Core operating rules
Core (or simple) operating rules define how we interact internally and with our external stakeholders. Simple rules consistent with the purpose and goals of a general practice college might be:
- Adapt to expected and unexpected eventualities.
- Do the least harm possible.
- To care with skill (Cum Scientia Caritas).
- Or more contemporarily: To cure sometimes, to relieve often and to comfort always (Osler).52
- Promote the value/benefits of general practice care to patients and policy makers.
- Reiterate that quality care requires quality resourcing.
A way forward
The authors have aimed to ‘untangle’ the core complexities of general practice using a system and complexity-thinking framework.11 How GPs approach their work to enhance the wellbeing of patients relies on appreciating the interconnectedness and interdependencies involved when people seek healthcare; this means treating individuals who experience illness in the presence as much as the absence of identifiable diseases, understanding the impact of the nature of their community on their health, as well as developing a relationship with the wider health service network.
The effectiveness of the RACGP as well as other general practice organisations depends on embracing the core principles of a seamless horizontally and vertically integrated complex adaptive (also referred to as ‘learning’) organisation.63 Members of any GP organisation want to have an effective organisation that will help them to enhance their work in their local setting.

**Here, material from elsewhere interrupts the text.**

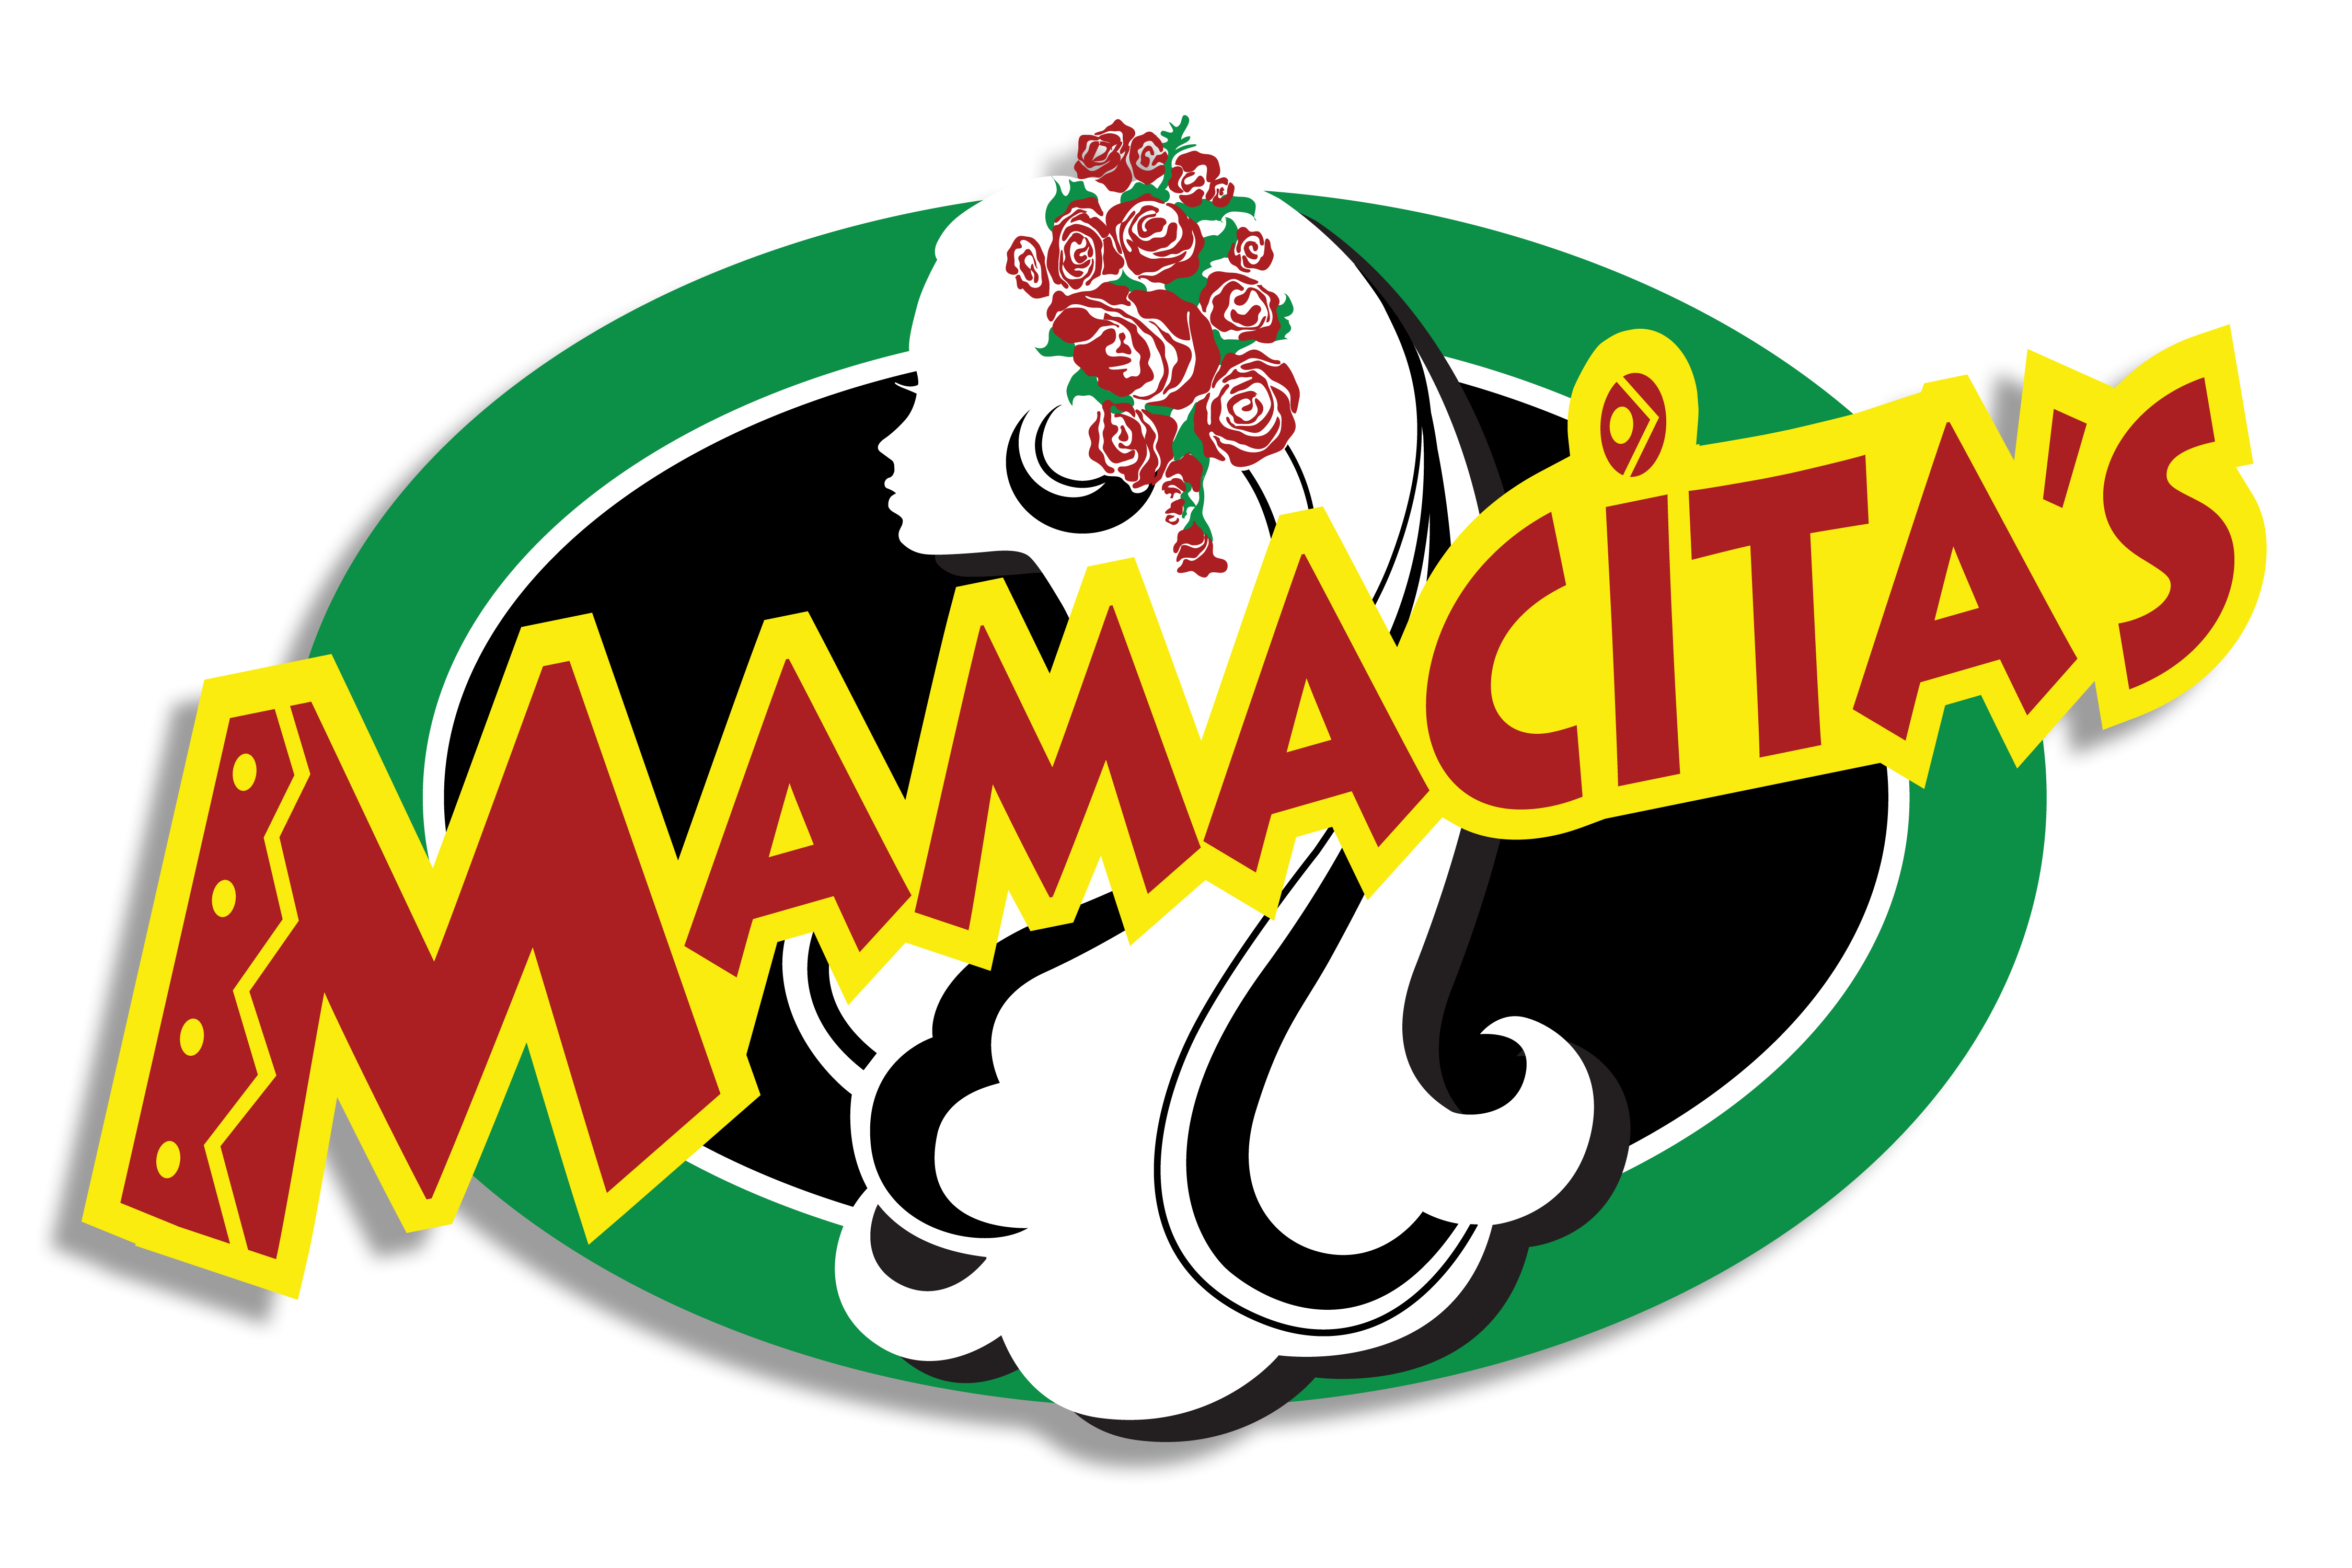 Mamacitas

From a complexity standpoint, the purpose, goals, values and simple rules for general practice suggested above are based on the sciences underpinning the profession.
The authors believe the approaches and perspectives discussed would allow GP organisations to emerge into truly integrated learning organisations. Embracing leadership approaches to manage the complex adaptive nature of general practice could help to empower GPs to define the interconnected and interdependent nature of their work, and to assert their irreplaceable role and expert skills to manage the complexities of health, illness and disease.